Did some intense reading on a blu ray forum audio theory sticky, and have concluded that lpcm is the output to use, via hdmi, to hear the lossless blu ray soundtrack. That being said, I'm still not sure which setting to use for input on the receiver from the bd/DVD hdmi input. Options include direct, thx cinema(those are the two I'm toying with), mono, multichannel, etc. 
Also...during playback I can toggle listening modes, and I noticed one called direct does not use the audyssey settings, where thx cinema does...this is a different menu than the input one mentioned above. But there's a significant sound difference enabling the audyssey settings. 

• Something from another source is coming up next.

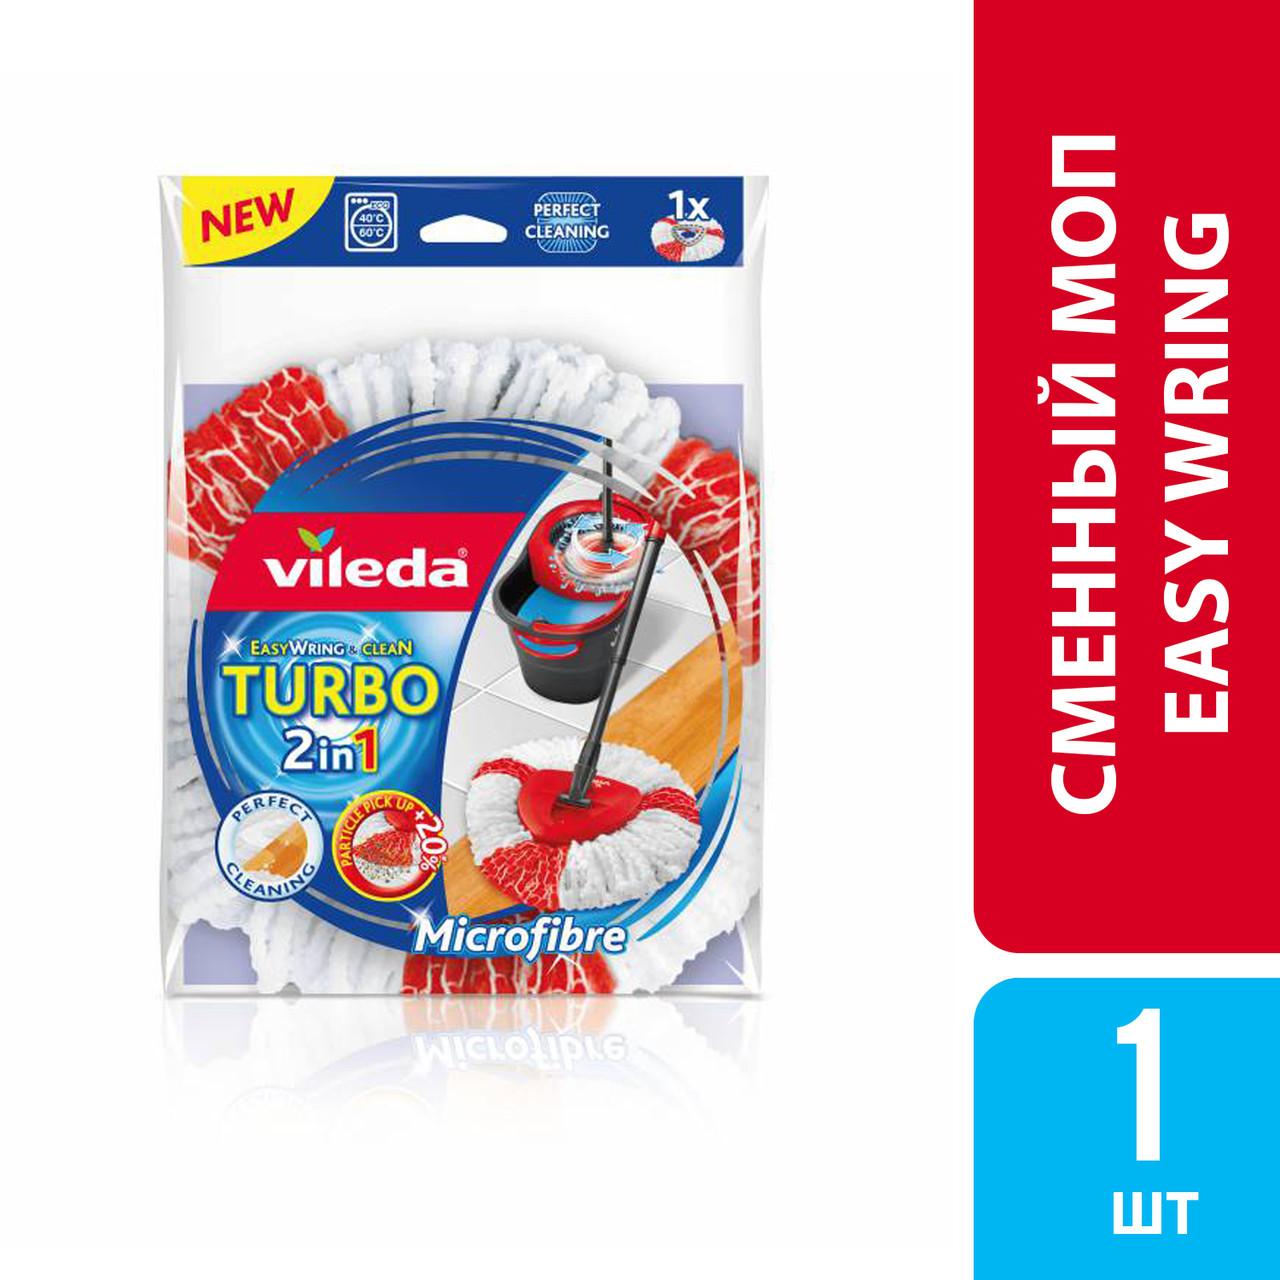 Сменный моп для швабры EasyWring & Clean TURBO, Vileda, 1 шт.

Too many options, too many settings....


----------



## MitchPope (Oct 17, 2011)

LPCM output from your PS3 will also give you any secondary audio mixed in, the normal soundtrack should sound the same. Direct mode probably isn't what you want unless you are listening to music, use the THX setting if you have done the Audyssey corrections for your room.


----------



## JBrax (Oct 13, 2011)

You can preset each HDMI source for your sound processing preference. Give them all a listen and pick the one that sounds best to you. I personally use THX cinema for movies and THX music for music. At times I also utilize pure for music which outputs 2.1. Audessey works wonders and you're certainly going to want to take advantage of it's use.


----------



## kadijk (Jan 23, 2011)

Thanks for the comments. I'm starting to think that the receiver is going to accept whatever is sent to it via hdmi properly, automatically. And the listening modes then, with PCM input, become more of a eq rather than a decoder. Is this right thinking? And yes, thx cinema with audyssey enabled sounds much better than simply "direct". I just don't want to add more post processing than I have to, or need to. As a side note, I've been using the first 5 minutes or so of the quantum of solace bd as a tester, and it's pretty awesome in all it's surround sound glory.


----------



## MitchPope (Oct 17, 2011)

With "Direct" you lose any Audyssey correction you have calculated. For watching movies, I would leave it engaged. I usually only listen to vinyl and CDs in Direct mode, but I am an equal distance from my left and right speakers. I find it much more detailed with better spatial imaging. You should also try "Audyssey Flat" for music.

Unless you live in an acoustically perfect room, you will benefit from some sort of correction. If you don't like it you can turn it off, but I think you will get more enjoyment with it on. They wouldn't put it in so many receivers if it didn't work.


----------